| Joined: Feb 2013 Posts: 3 Member | OP Member Joined: Feb 2013 Posts: 3 | Hi, new to this forum, I have been reading for a few weeks this is my first post. My husband is currently 2 weeks into RT for stage 4 scc HPV + 65 and non-smoker, on tonsil and tumors on lymph nodes. (Am still very confused with all this forums use of abbreviations etc) He has had 1session of cisplatin and another next week. We are well informed about the eating and swallowing problems, but I am really concerned that he his having so much pain and difficulty swallowing so soon. We have another 4 weeks to go yet! I hate being a bully and know its difficult, what sort of pain medication can he ask for? He has got a lidocane mouthwash that helps a bit....when he can take it, only every 6 hours. He has lost 3lb in weight this week despite high protein stuff, and blended food. Any advice? | | | | Joined: May 2011 Posts: 287 Gold Member (200+ posts) | Gold Member (200+ posts) Joined: May 2011 Posts: 287 | Hi Keera, sorry you had to be here. It is going to be a uphill taks for you as well as your husband. Your husband is going through Concurrent Chemo-radiotherapy. 4 x weekly cisplatin + 60 Gy (approx) radiotherapy, fractionated daily for 4 weeks. You husband needs to take lot of water (it will be difficult as water will taste differently) as it will help him heal quickly. Oral hygiene needs to be maintained to avoid thrush. Lidocaine contain local anesthasia so the relief would be only temporary. Saltwater+Soda Bicarb mouthwash will help. Kindly go through this link at NHS (UK) Site: http://www.christie.nhs.uk/booklets/463.pdfIt is general advisory and do consult your doctor. Wish you all the best and be assured that we all are there for you and your husband. Father; 67 yrs; RIP: 2012/05/26
TX:SCC pT2N1M0G2;Glossectomy+SND+CCRT(59.3Gy+6xCis.)[2009] TX:Nodal Mets; 3xDCF[2011/05/05] TX: RND + PMMC Flap[2011/07/11] DX:SCC PNI+ECE TX:Re-RT 60Gy[2011/09/21] TX:Gefitinib 250mg[2011/12/18]

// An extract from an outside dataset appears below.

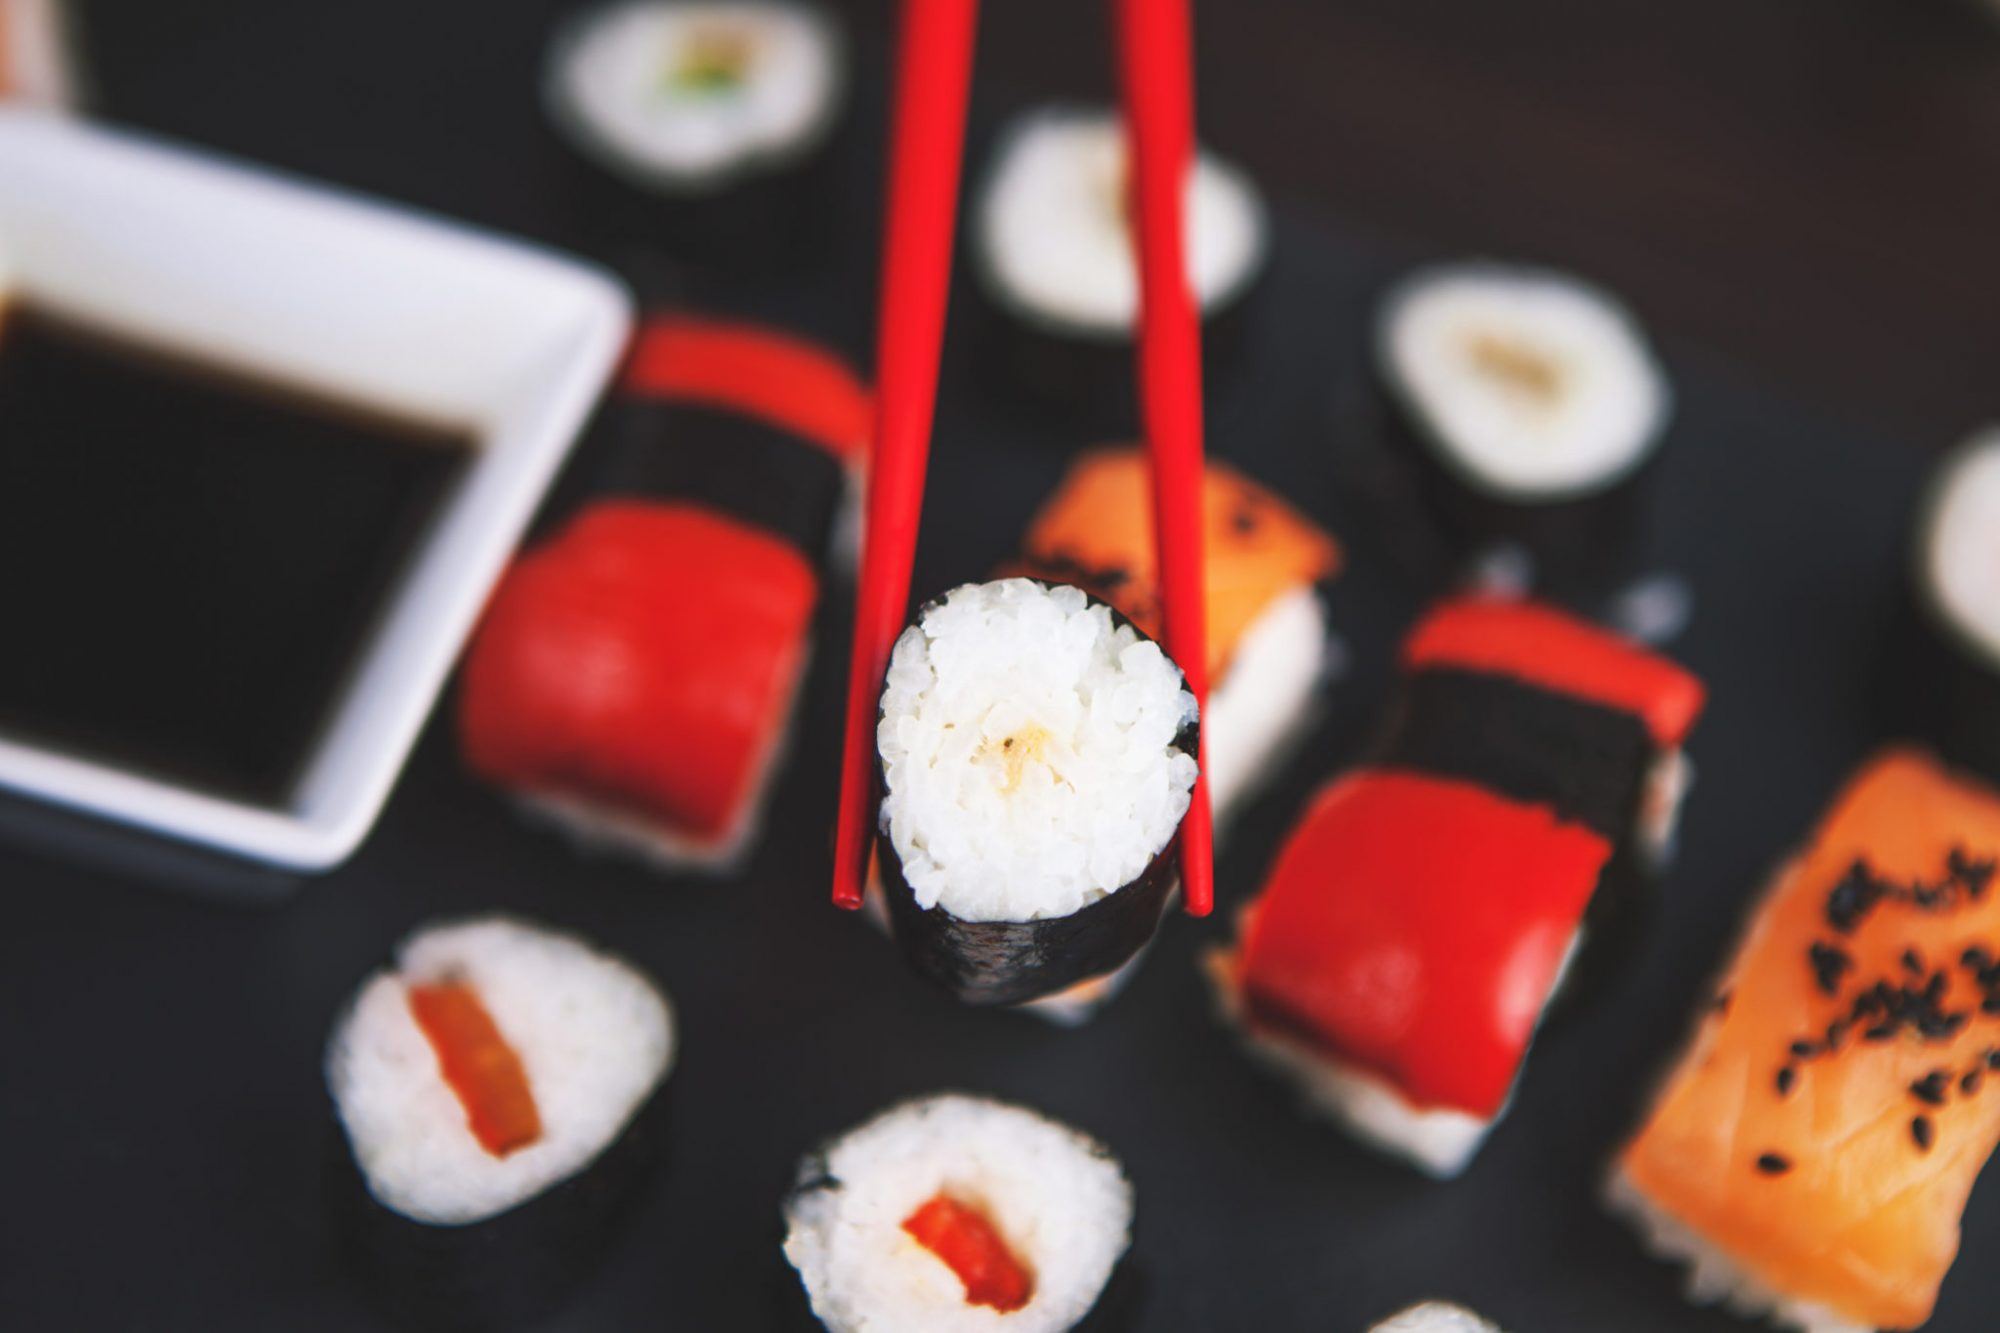 Sushi japanese chopsticks gifts present

| | | | Joined: Nov 2012 Posts: 17 Member | Member Joined: Nov 2012 Posts: 17 | Hi keera, Perhaps you can ask your doctor about inserting a PEG tube (feeding tube inserted directly into stomach). The idea of it is more difficult than the actual use of it. Eric had one from the beginning of treatment but didn't use it until about the third week. It has been a lifesaver..and yes, you can maintain and gain weight from strictly ingesting Ensure! It also helps with keeping him hydrated which is essential for healing. Keep encouraging him to swallow, even if just a mouthful of applesauce or sips of water each day to keep his "swallowing memory" intact. Good luck!
Kat fiance/CG to: Eric: age 57 DX 10/19/12, HPV16+ SCC stage IV lft tonsil, BOT nonsmoker,casual drinker TX 11/5/12 Cistplastin wkly x 7, IMRT x 35 PEG placed 11/9/12 ALL CLEAR PET SCAN - 4/16/13 PEG removed - 4/29/2013
| | | | Joined: Aug 2012 Posts: 214 Likes: 1 Gold Member (200+ posts) | Gold Member (200+ posts) Joined: Aug 2012 Posts: 214 Likes: 1 | Call your doctor and discuss the PEG tube option NOW. Do not wait.
Hockey Dad 43, No smoke, Small BOT HPV+16 8/30/12 Biopsy found SCC in Lymph node (removed) 9/19 DX 4a T1N2aM0 10/1 TX 2x Cisplatin 35 IMRT 70 gry (Done 11/15) PEG tube in 11/7. Out 1/4, Back at work 2/4/13 PET 2/13 Clear, 10/16 all Scopes Clear, 4/14 Chest X-ray Clear, 5/14 Abdominal ultrasound Clear, 8 yrs clean!!!
| | | | Joined: Jun 2007 Posts: 10,507 Likes: 7 Administrator, Director of Patient Support Services Patient Advocate (old timer, 2000 posts) | Administrator, Director of Patient Support Services Patient Advocate (old timer, 2000 posts) Joined: Jun 2007 Posts: 10,507 Likes: 7 | Keera, welcome to OCF! I have sent you a link which will help you with the abbreviations and other things on the forum.
Your husband's weight is something that needs to be closely monitored. Losing 3 pounds is alot for such a short time. Every single day he needs a minimum of 2500 calories and 48 oz of water. If you can get him to take in more thats even better! This will play a huge role in how easily he gets thru treatments. He MUST drink daily no matter how difficult it becomes.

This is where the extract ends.